[Data excerpts]
* * * * * * * * *
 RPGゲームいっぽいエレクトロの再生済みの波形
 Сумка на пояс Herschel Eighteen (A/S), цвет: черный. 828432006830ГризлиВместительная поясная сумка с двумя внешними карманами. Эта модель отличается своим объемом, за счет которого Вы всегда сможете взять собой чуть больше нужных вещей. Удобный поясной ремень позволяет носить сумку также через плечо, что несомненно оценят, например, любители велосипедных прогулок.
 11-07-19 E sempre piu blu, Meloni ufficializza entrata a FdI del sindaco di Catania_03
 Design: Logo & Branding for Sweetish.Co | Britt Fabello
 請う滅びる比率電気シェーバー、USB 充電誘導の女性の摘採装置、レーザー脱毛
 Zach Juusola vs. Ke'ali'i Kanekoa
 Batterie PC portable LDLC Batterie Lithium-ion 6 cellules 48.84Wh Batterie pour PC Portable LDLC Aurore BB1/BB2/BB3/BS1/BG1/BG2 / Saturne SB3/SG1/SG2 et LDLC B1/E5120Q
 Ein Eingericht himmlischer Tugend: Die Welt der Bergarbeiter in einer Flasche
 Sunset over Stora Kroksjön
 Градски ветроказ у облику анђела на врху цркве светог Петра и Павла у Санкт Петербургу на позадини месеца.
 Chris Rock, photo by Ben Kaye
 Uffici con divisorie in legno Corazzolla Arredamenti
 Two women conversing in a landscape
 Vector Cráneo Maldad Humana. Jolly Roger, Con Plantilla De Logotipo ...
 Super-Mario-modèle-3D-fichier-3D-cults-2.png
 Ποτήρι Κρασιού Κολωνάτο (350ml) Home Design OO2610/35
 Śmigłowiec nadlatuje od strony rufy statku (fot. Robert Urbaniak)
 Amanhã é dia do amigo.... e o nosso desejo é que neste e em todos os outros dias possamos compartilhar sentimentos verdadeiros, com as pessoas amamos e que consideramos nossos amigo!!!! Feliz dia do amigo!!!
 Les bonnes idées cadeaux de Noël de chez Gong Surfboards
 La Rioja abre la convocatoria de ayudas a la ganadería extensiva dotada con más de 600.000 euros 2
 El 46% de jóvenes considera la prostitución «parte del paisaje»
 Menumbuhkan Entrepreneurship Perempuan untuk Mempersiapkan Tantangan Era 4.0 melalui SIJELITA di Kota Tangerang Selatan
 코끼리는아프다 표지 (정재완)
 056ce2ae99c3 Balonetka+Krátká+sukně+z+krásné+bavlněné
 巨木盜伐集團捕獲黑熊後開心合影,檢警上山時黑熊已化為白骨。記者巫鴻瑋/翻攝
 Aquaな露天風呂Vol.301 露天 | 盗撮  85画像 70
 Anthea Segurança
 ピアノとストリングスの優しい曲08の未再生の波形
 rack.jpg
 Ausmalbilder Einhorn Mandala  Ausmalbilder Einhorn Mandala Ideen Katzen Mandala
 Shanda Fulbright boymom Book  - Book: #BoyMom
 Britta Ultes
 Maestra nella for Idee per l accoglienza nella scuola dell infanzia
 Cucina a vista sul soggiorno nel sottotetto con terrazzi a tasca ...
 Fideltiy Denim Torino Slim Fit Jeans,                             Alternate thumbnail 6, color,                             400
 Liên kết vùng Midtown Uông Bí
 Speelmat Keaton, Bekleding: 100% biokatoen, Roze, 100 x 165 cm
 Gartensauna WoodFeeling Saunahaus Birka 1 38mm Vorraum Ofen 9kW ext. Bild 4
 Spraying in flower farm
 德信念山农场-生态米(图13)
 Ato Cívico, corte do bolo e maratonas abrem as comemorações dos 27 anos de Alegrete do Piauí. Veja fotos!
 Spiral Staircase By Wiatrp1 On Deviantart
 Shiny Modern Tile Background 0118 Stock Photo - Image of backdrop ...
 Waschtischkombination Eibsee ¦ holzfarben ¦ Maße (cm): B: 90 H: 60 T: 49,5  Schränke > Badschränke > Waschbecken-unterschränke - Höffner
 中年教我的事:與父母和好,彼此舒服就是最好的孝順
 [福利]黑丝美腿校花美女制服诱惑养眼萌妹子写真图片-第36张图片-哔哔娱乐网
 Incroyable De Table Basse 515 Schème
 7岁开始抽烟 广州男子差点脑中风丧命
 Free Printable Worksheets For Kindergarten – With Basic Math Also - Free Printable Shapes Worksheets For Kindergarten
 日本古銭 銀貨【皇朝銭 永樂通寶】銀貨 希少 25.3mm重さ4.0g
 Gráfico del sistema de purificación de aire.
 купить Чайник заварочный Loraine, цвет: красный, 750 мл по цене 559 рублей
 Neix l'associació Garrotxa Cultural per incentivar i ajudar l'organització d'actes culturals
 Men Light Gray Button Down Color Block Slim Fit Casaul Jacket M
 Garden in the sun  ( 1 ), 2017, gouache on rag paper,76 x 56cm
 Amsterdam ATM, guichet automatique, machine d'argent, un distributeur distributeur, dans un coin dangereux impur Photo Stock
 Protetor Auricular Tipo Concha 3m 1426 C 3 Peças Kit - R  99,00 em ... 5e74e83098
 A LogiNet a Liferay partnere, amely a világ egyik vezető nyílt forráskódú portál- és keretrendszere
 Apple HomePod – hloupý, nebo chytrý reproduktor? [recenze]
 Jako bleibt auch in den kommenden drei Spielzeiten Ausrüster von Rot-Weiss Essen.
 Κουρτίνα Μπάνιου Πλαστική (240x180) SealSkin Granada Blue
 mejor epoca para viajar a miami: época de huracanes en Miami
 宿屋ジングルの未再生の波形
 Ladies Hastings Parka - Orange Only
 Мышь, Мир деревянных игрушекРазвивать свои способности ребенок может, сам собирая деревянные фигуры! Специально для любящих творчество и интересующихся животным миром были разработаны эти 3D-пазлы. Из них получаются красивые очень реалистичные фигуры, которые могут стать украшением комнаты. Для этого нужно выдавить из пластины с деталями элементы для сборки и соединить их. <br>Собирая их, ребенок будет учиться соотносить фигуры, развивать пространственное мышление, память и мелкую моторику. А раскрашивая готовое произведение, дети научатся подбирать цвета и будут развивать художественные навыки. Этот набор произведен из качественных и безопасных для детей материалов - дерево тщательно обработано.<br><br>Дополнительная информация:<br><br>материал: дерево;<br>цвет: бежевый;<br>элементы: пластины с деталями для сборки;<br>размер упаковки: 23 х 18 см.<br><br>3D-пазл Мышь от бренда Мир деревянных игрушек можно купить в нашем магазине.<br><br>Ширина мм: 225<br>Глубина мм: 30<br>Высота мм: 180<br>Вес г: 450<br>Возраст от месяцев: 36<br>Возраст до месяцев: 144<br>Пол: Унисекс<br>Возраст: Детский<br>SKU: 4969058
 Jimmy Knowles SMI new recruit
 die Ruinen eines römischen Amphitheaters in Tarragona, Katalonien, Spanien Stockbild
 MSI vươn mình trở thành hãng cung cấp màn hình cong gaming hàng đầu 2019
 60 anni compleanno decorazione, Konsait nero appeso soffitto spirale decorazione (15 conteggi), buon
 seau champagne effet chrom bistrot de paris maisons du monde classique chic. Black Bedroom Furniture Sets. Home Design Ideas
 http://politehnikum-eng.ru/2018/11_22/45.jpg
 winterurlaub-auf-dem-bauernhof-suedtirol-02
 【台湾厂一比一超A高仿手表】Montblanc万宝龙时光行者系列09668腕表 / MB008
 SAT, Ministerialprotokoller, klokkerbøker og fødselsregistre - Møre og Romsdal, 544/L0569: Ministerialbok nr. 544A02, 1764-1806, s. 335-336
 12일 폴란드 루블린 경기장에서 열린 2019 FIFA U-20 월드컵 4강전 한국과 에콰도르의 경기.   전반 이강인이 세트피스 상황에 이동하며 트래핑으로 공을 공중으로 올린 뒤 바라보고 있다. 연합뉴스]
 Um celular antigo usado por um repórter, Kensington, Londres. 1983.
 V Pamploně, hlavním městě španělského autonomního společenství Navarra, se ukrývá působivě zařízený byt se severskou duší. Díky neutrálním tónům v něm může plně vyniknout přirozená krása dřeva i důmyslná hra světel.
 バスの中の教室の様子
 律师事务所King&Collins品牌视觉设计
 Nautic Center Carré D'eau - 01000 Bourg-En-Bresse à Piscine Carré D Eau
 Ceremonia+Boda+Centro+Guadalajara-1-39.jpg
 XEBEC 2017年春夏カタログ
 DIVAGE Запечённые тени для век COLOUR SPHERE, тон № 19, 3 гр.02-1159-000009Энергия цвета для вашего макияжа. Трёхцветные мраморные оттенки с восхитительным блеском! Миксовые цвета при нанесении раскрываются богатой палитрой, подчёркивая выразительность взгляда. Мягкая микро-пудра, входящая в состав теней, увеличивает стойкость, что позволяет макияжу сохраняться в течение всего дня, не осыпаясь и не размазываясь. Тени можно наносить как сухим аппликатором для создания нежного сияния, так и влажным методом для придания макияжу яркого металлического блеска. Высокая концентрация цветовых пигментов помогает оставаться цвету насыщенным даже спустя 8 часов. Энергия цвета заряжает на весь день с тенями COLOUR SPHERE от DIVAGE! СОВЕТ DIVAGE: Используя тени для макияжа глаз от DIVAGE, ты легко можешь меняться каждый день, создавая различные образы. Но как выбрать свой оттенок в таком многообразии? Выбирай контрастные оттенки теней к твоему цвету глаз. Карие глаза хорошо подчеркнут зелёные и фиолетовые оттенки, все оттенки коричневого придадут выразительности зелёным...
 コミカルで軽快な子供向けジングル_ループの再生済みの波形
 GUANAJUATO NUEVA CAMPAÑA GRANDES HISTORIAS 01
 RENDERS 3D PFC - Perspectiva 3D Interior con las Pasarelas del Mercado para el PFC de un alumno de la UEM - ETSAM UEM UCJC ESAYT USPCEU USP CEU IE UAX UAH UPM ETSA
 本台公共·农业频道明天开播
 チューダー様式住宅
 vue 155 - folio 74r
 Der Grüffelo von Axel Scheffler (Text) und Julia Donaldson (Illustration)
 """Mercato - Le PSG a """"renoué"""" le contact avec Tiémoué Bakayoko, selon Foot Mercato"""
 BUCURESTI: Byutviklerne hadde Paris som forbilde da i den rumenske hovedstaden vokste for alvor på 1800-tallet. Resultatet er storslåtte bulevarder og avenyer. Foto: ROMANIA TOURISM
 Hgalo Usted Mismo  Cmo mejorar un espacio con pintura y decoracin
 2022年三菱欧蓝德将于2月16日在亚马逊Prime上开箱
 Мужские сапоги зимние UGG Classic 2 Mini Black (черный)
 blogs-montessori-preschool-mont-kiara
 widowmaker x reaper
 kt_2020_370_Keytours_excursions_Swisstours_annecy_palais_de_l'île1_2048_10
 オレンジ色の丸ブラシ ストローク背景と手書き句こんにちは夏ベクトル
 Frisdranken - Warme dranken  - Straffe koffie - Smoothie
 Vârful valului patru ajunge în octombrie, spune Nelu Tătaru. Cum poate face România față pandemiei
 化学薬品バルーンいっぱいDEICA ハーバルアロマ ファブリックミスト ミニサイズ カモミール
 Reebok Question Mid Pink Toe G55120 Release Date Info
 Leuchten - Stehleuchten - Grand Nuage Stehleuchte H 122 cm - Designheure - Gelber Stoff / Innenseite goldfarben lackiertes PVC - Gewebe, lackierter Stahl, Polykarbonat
* * * * * * * * *
→ Work to complete
Reproduce only the lines above, starting at the line with "Zach Juusola vs. Ke'ali'i Kanekoa" and ending at the line with "Градски ветроказ у", exactly as written.

→ Output
 Zach Juusola vs. Ke'ali'i Kanekoa
 Batterie PC portable LDLC Batterie Lithium-ion 6 cellules 48.84Wh Batterie pour PC Portable LDLC Aurore BB1/BB2/BB3/BS1/BG1/BG2 / Saturne SB3/SG1/SG2 et LDLC B1/E5120Q
 Ein Eingericht himmlischer Tugend: Die Welt der Bergarbeiter in einer Flasche
 Sunset over Stora Kroksjön
 Градски ветроказ у облику анђела на врху цркве светог Петра и Павла у Санкт Петербургу на позадини месеца.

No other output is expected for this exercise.